Eeny-Meeny-Miny-Moach, Which Call Do I Choose to Coach?
Eeny-Meeny-Miny-Moach, Which Call Do I Choose to Coach?
I was shadowing several call coaches as part of a call coach mentoring program for one of our clients. It was interesting to watch these coaches select the calls they were going to analyze. The coach quickly dismissed any call shorter than two minutes and any call longer than five minutes, gravitating to a call between three and five minutes in length. The assumption was that any call less than two minutes had no value for coaching purposes. Dismissing longer calls was done, admittedly, because they didn’t want to take the time to listen to them. Unfortunately, this is not an uncommon practice. Yet, there are a couple of problems with this approach:
- You are not getting a truly random sample of the agents performance. If you are simply coaching an occasional call, this may not be a major issue. If you are using the results for bonuses, performance mangement or incentive pay, then your sampling process may put you at risk. What you’re really doing by eliminating calls based on time is reducing your sample to a census of calls in a certain time range, but it’s not a true picture of an agents performance over their entire sample of calls.

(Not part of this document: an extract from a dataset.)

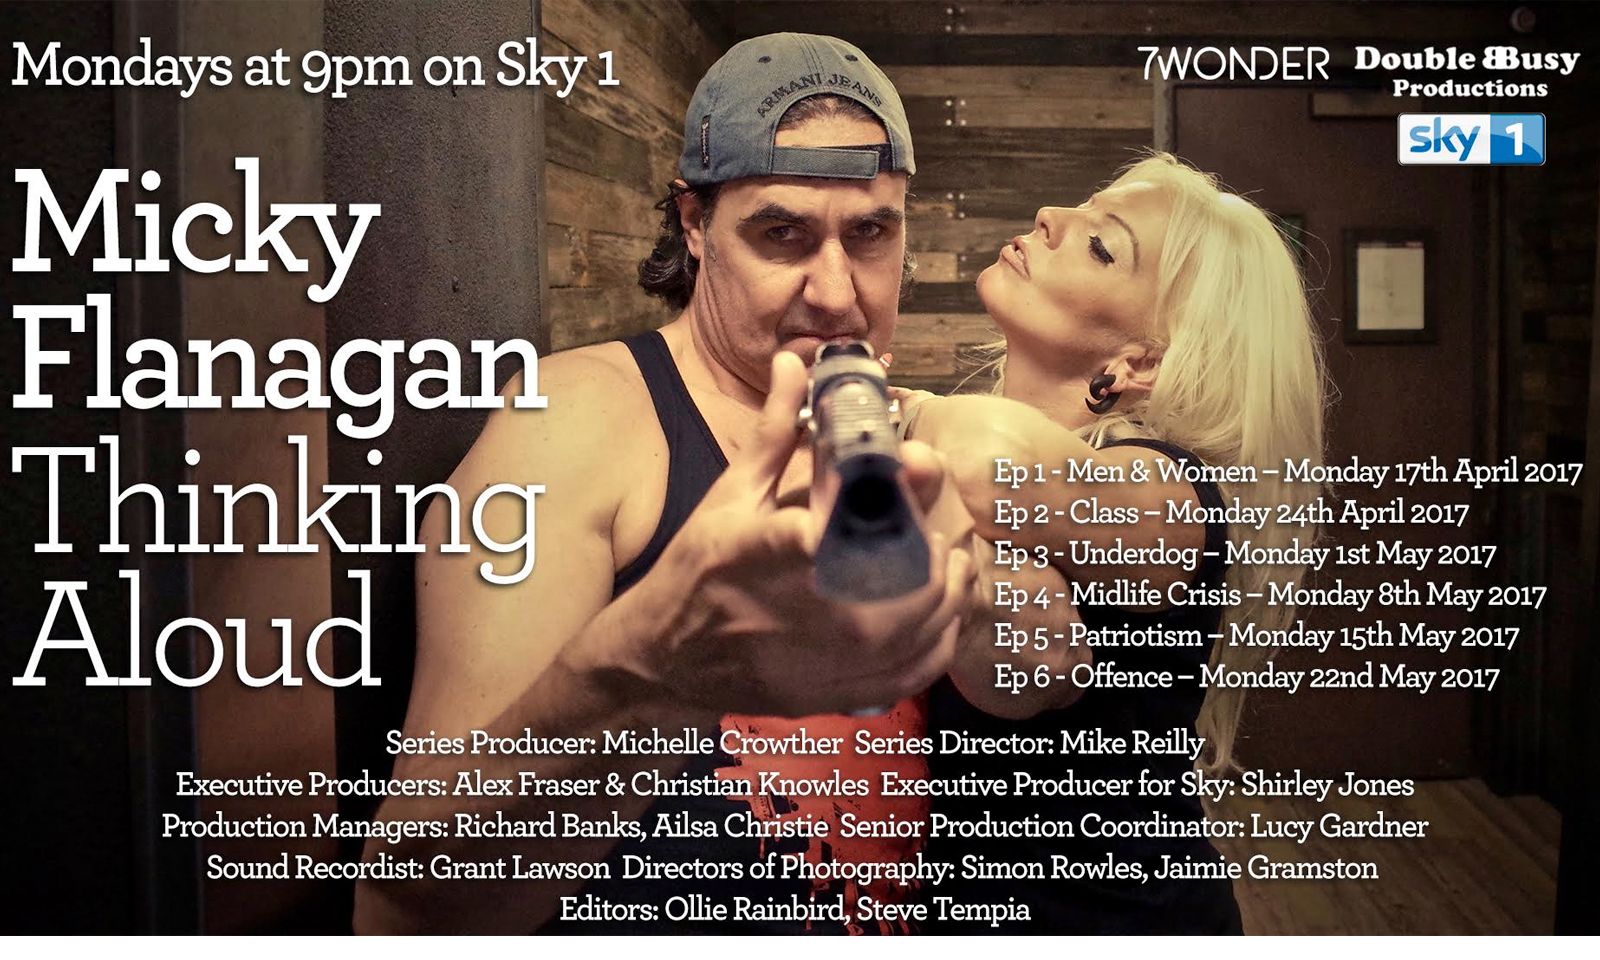 ‘Porno’ Dan Leal on Micky Flanagan’s ‘Thinking Aloud’ on Sky 1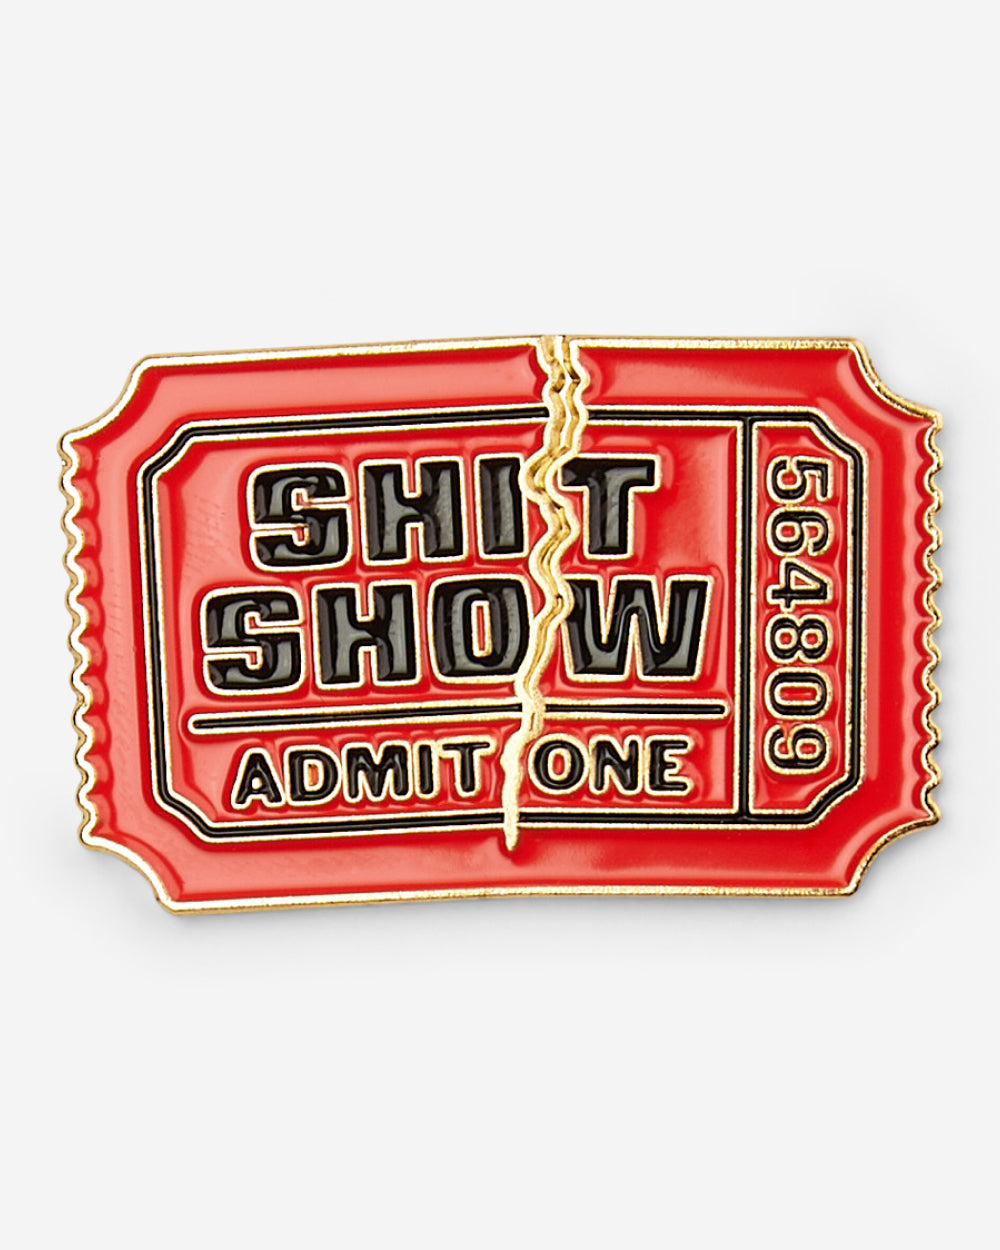 Shit Show Tickets Enamel Pin

- You are ignoring real “moments of truth” in which customers are being impacted. Customers can make critical decisions about your company in thirty second calls and thirty minute calls. To avoid listening to these calls is turning a blind eye to, what may be, very critical interactions between customers and CSRs. I have, unfortunately, witnessed situations in which CSRs rushed customers off the phone. I’ve even known a few CSRs to routinely placing callers on hold, immediately after answering the phone, and then releasing the call. In the case of my client today, the QA team would never catch it. It always happened in less than 30 seconds.
- You may be missing out on valuable data. Short calls often happen because of misdirected calls or other process problems. Quantifying why these are occuring could save you money and improve one call resolution as well as customer satisfaction. You might also discover simple questions that aren’t currently being handled by your IVR. Likewise, longer calls may result from situations that have seriously gone awry for a customer. Digging in to the reasons may yeild valuable information about problems in the service delivery system that will save you time and future calls.
Capturing and analyzing a truly random sample of phone calls will, in the long run, protect and benefit everyone involved.